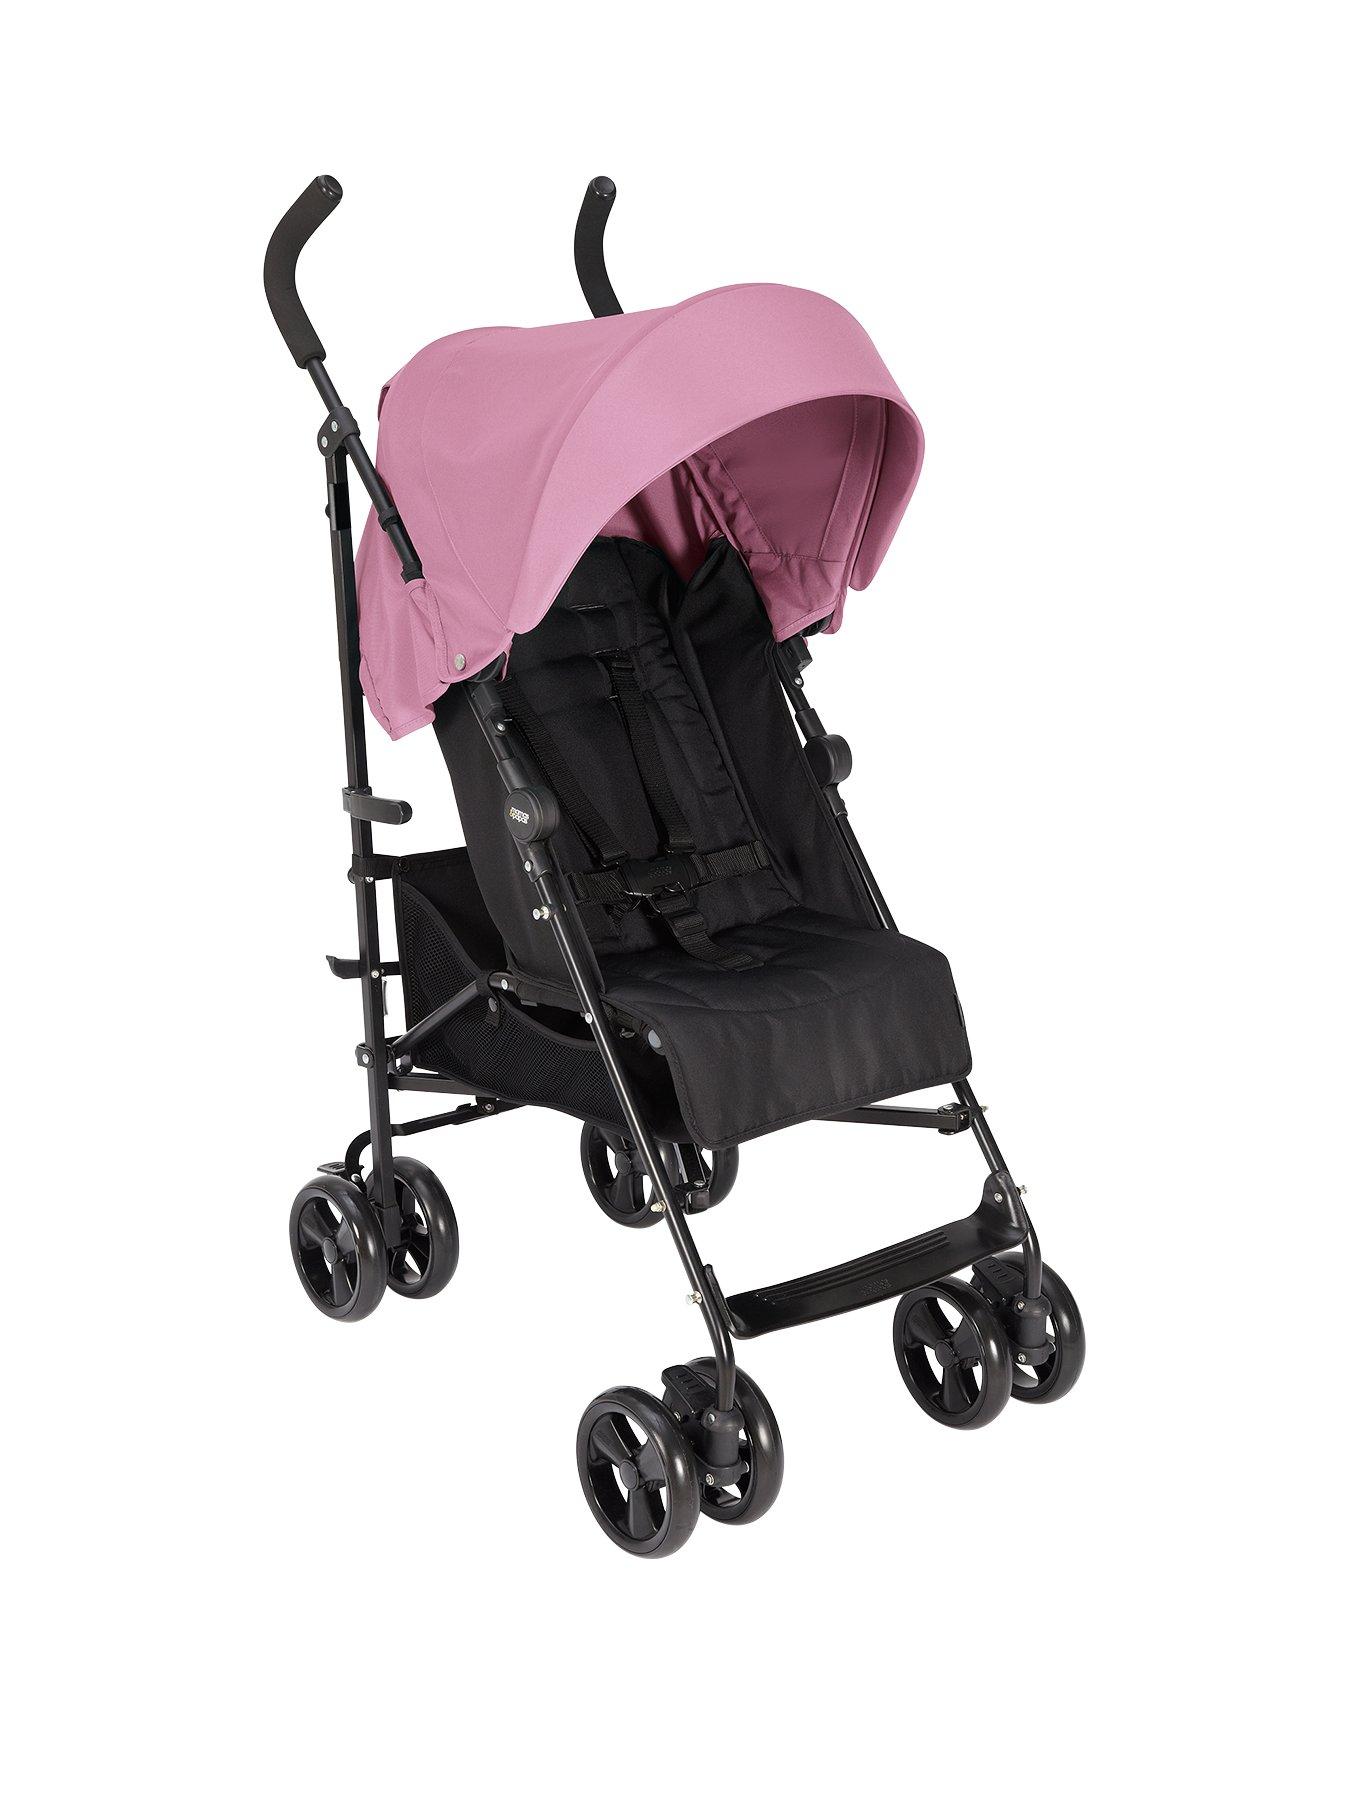 mamas and papas stroller pink
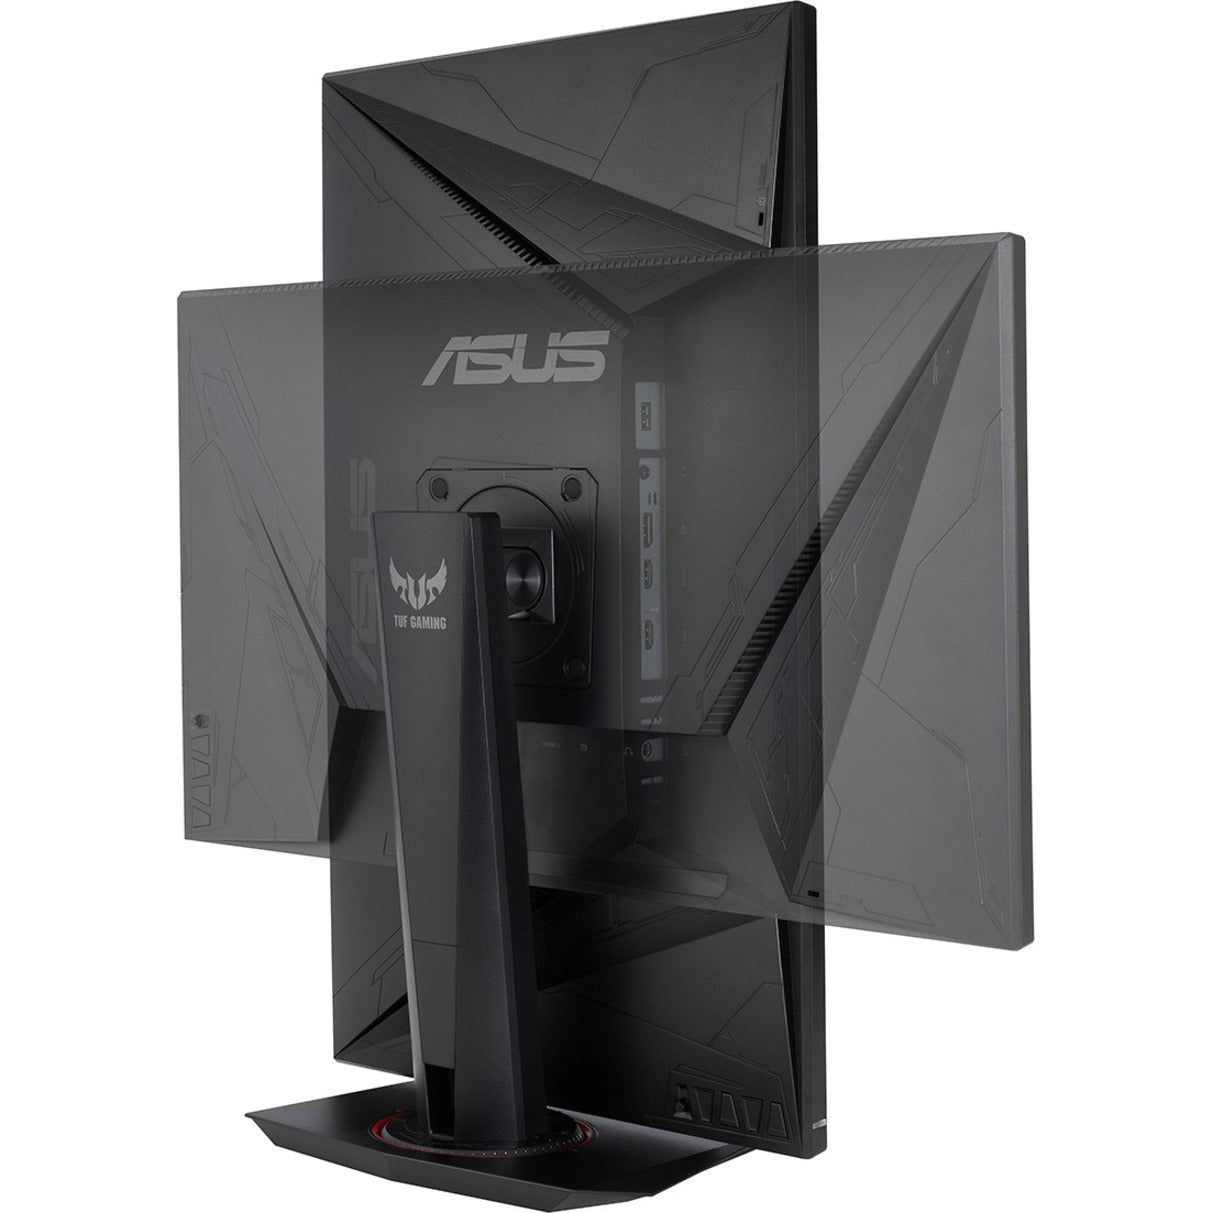 Asus 技嘉 VG279QM 27英寸全高清游戏液晶显示器 - 黑色 国行正品【下架】
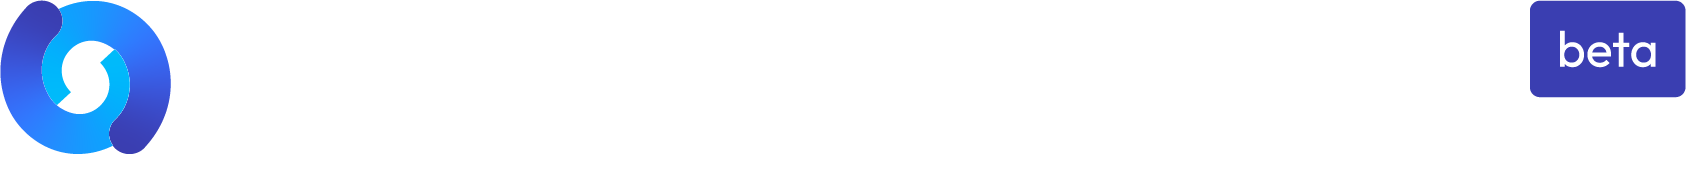 Scoutflo logo

______

Exercise description:
Set the material down exactly, images excluded.

Exercise result:
 mamas and papas stroller pink
 Asus 技嘉 VG279QM 27英寸全高清游戏液晶显示器 - 黑色 国行正品【下架】
 Scoutflo logo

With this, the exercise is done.